**WORK TASK:** Repeat every entry exactly as it stands. Omit the images.

::: GIVEN RECORDS

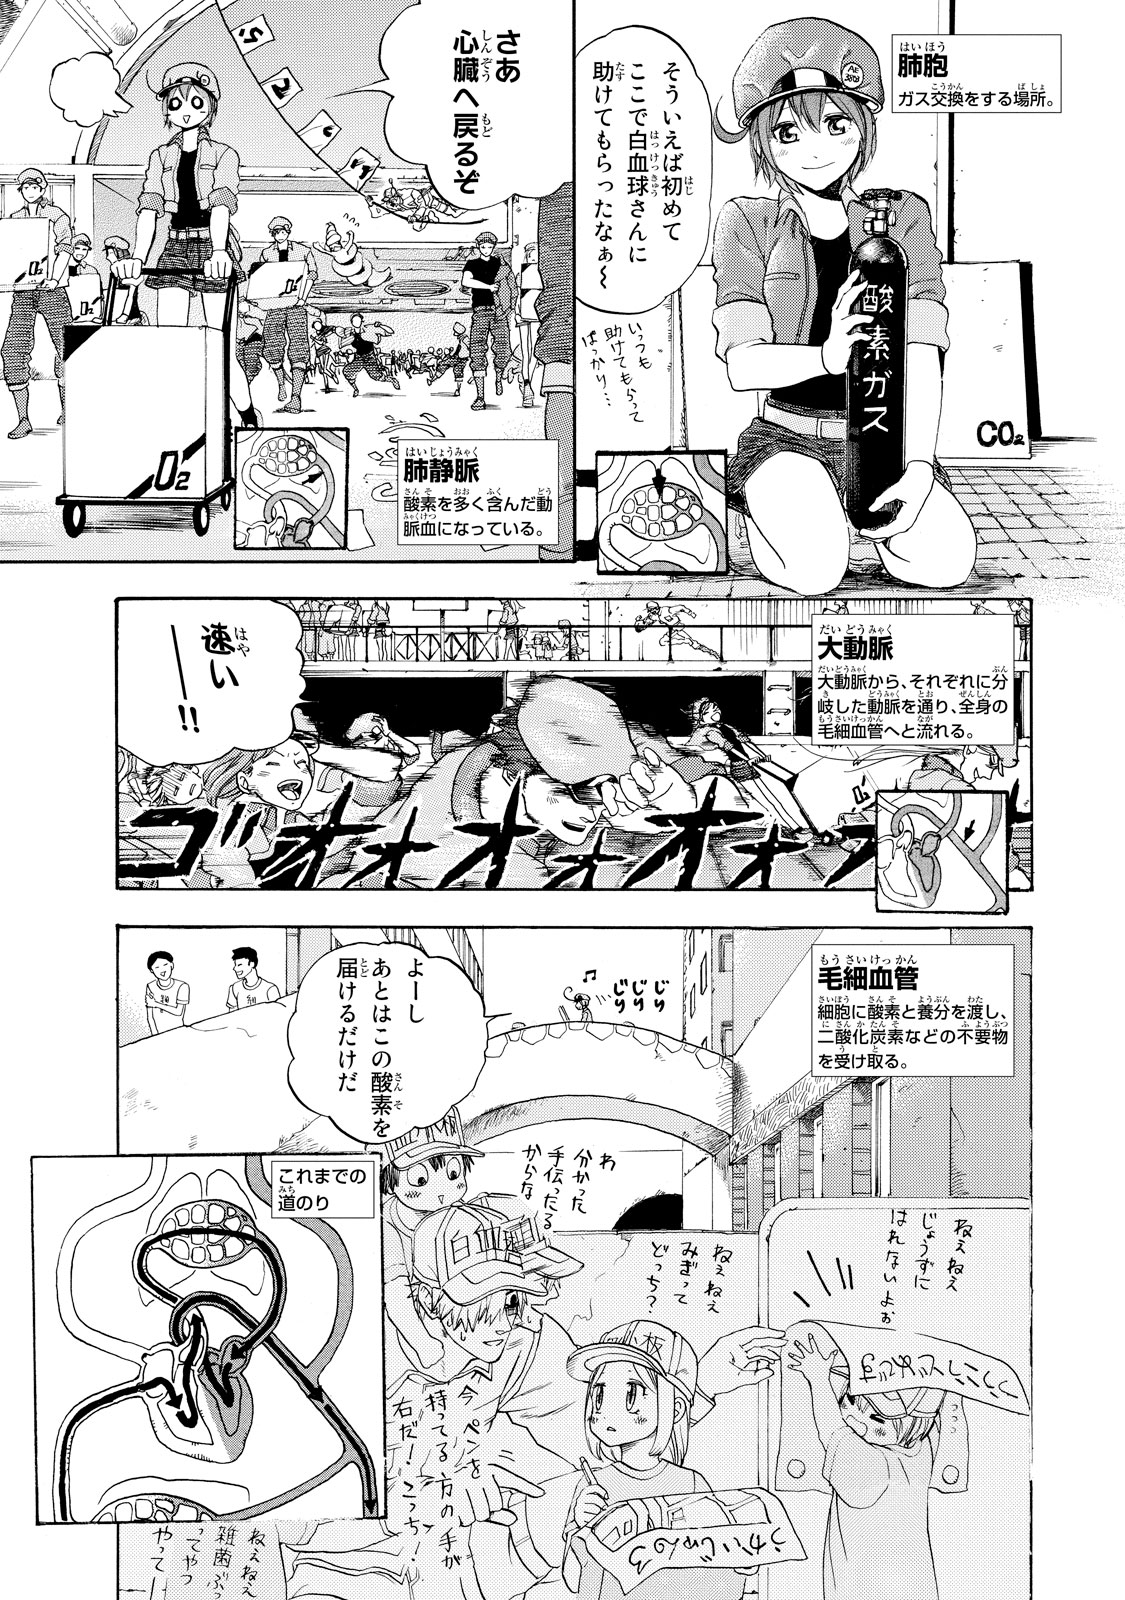 Hataraku Saibou - Chapter 10 - Page 17
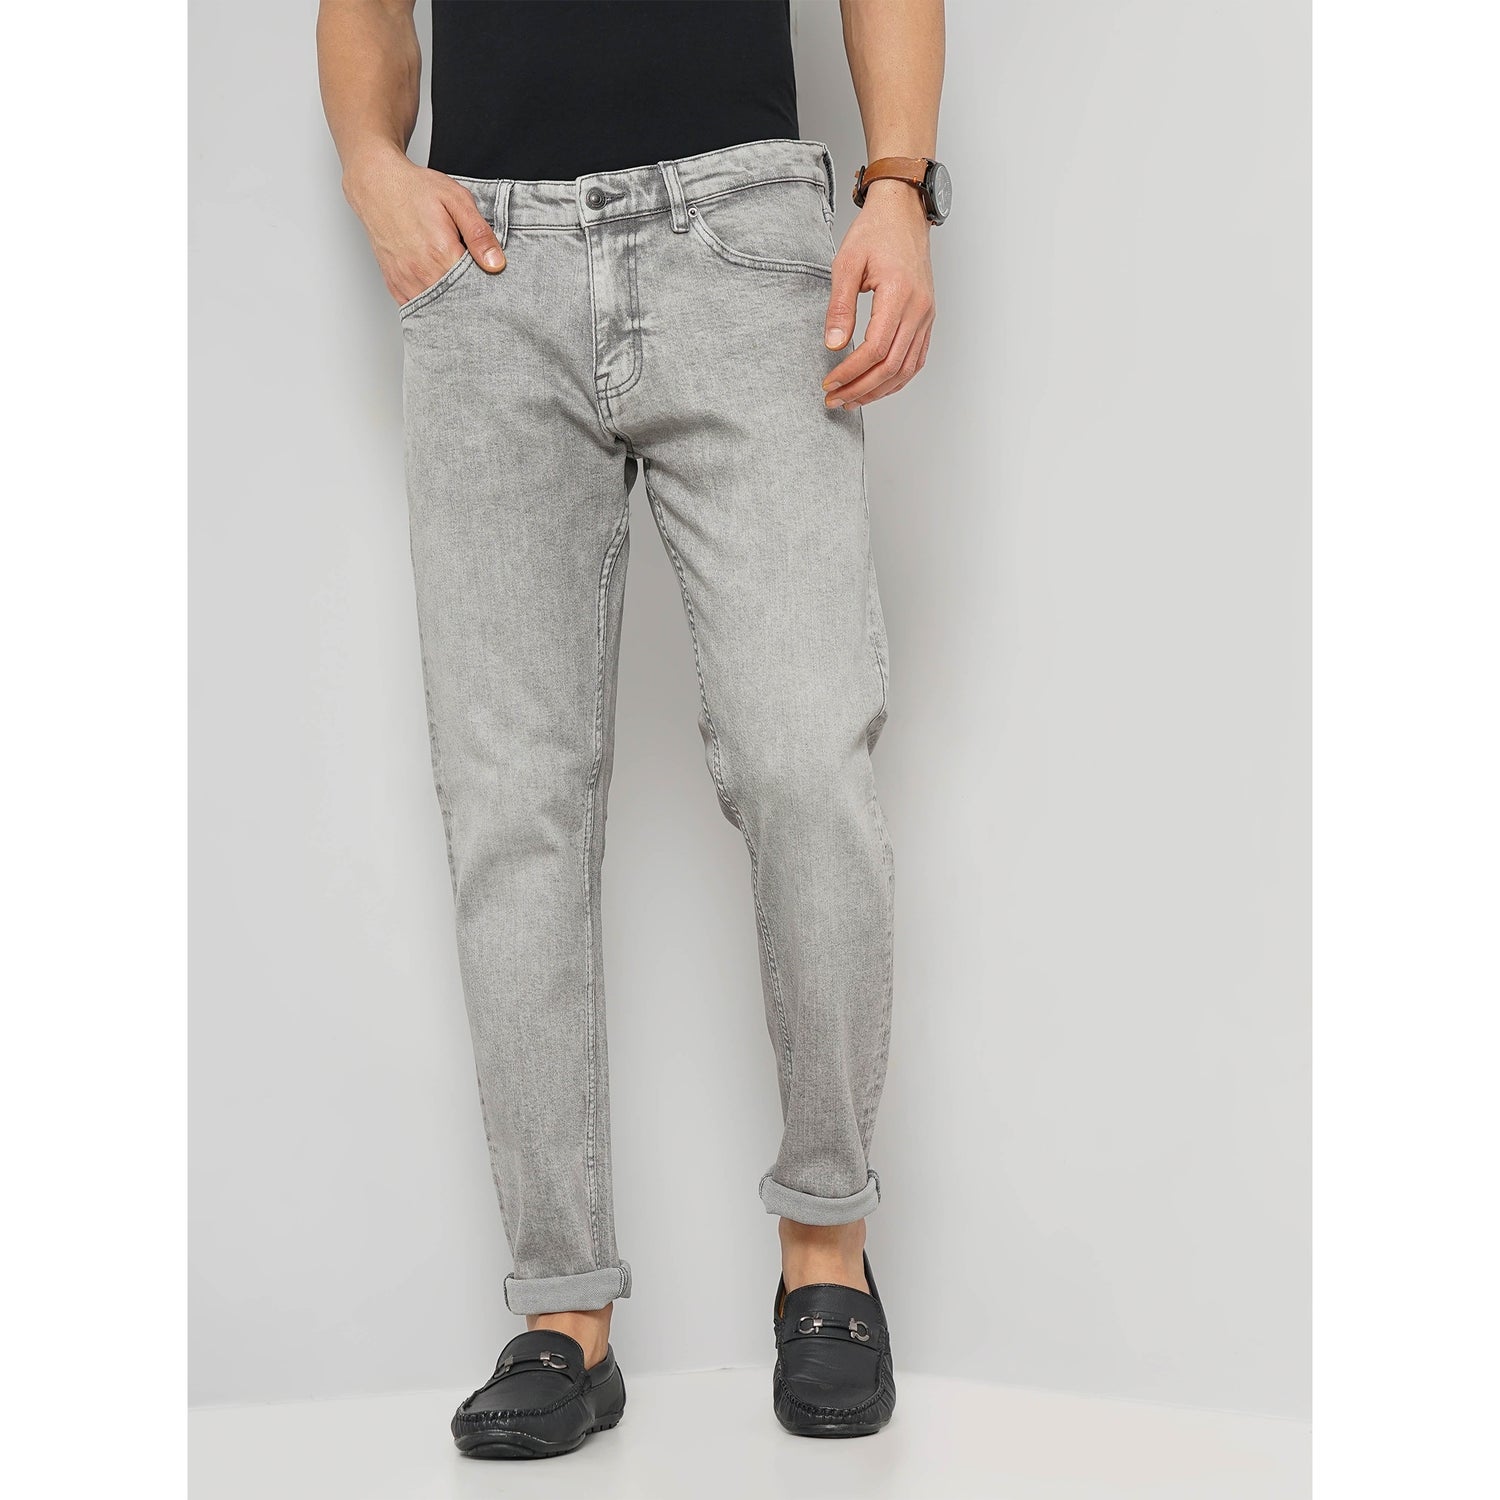 Men's Grey Solid Slim Fit Cotton Colored Denim Jeans (GONINETY)
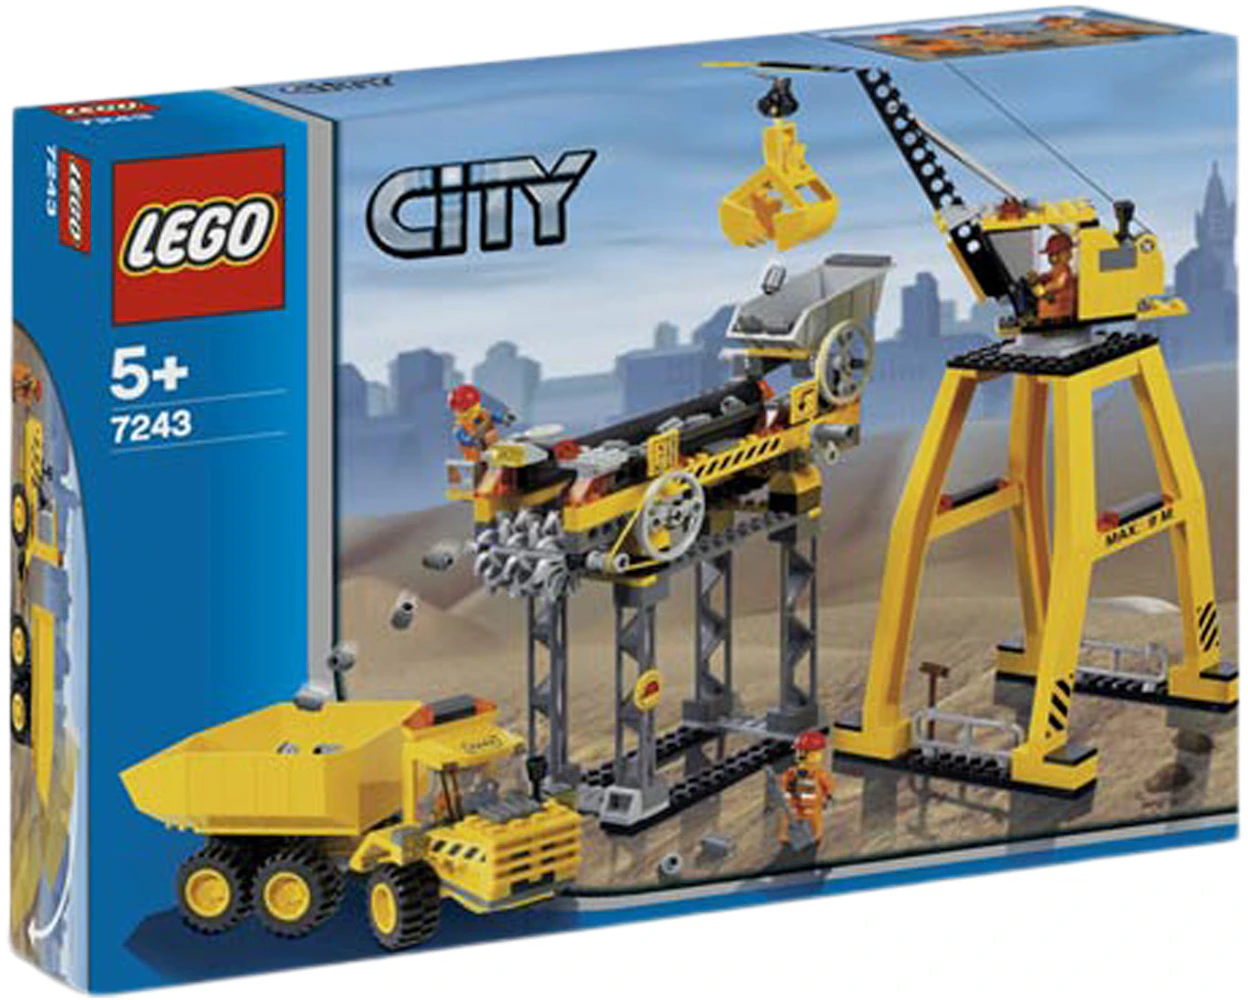 LEGO City Construction Set 7243 -
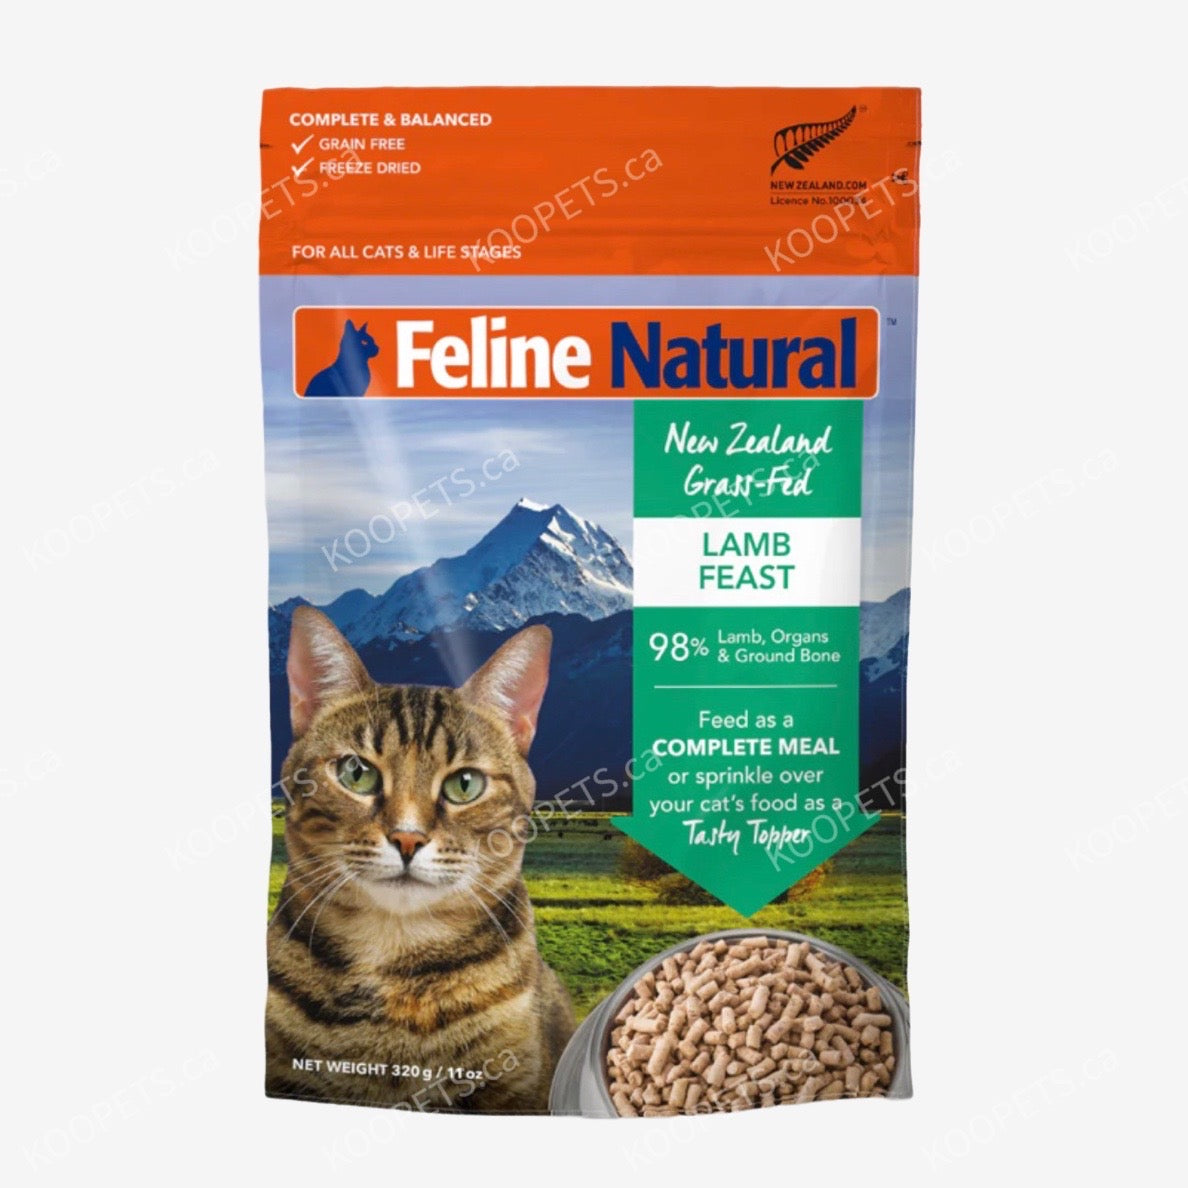 Feline Natural | Freeze-dried Cat Food
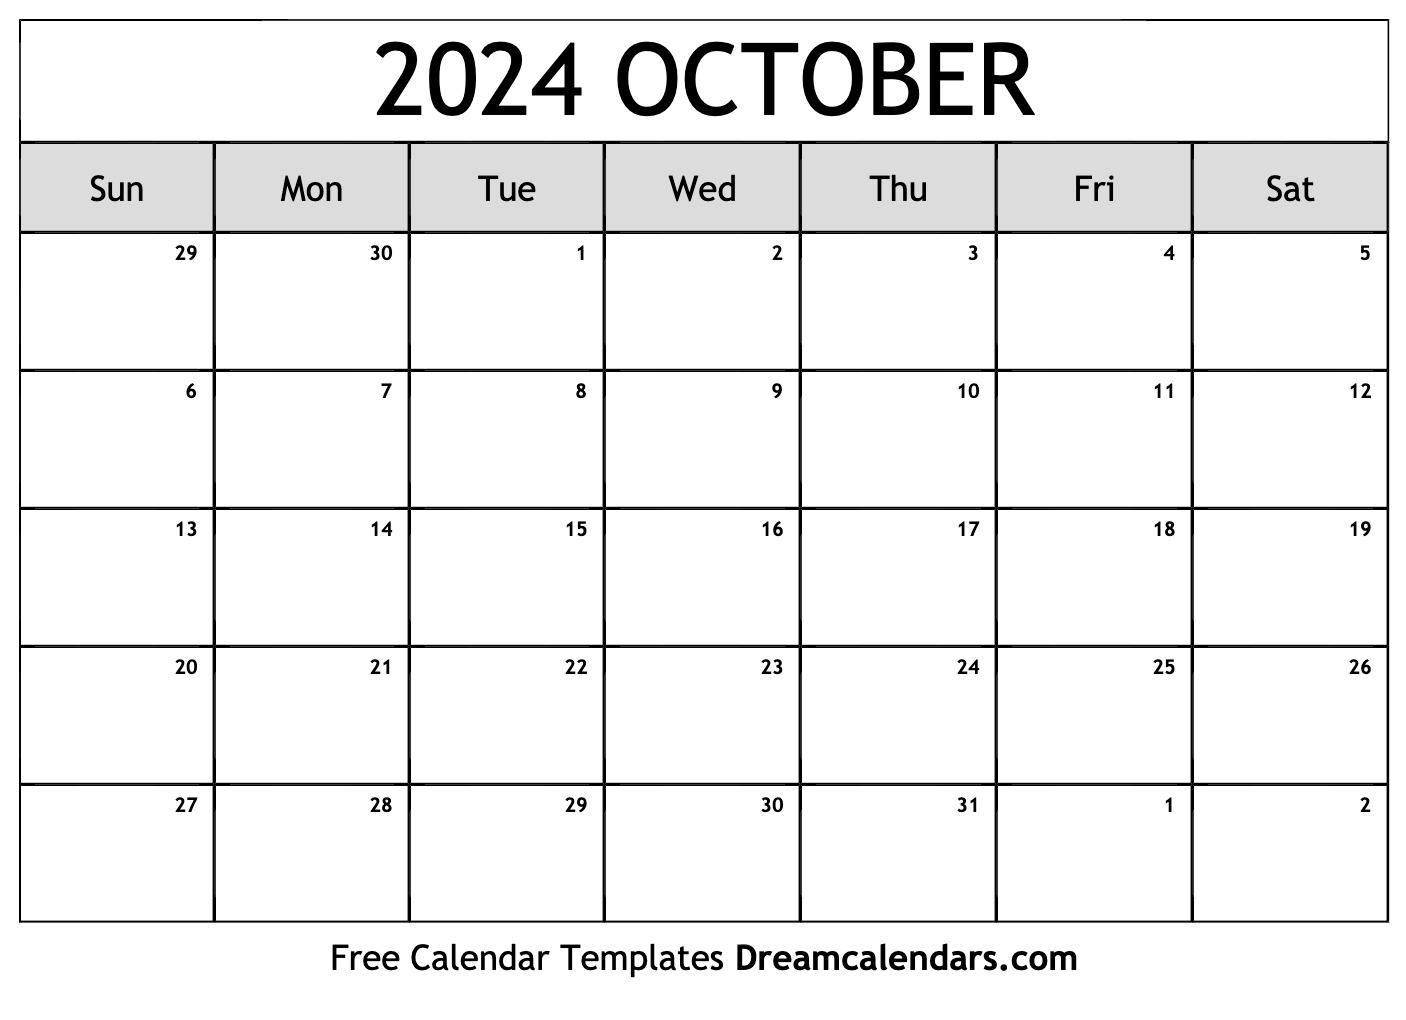 calendar-blank-october-2024-andra-blanche

::::::

**RESULT FOR THIS EXERCISE:**
 Hataraku Saibou - Chapter 10 - Page 17
 Men's Grey Solid Slim Fit Cotton Colored Denim Jeans (GONINETY)
 LEGO City Construction Set 7243 -
 Feline Natural | Freeze-dried Cat Food
 calendar-blank-october-2024-andra-blanche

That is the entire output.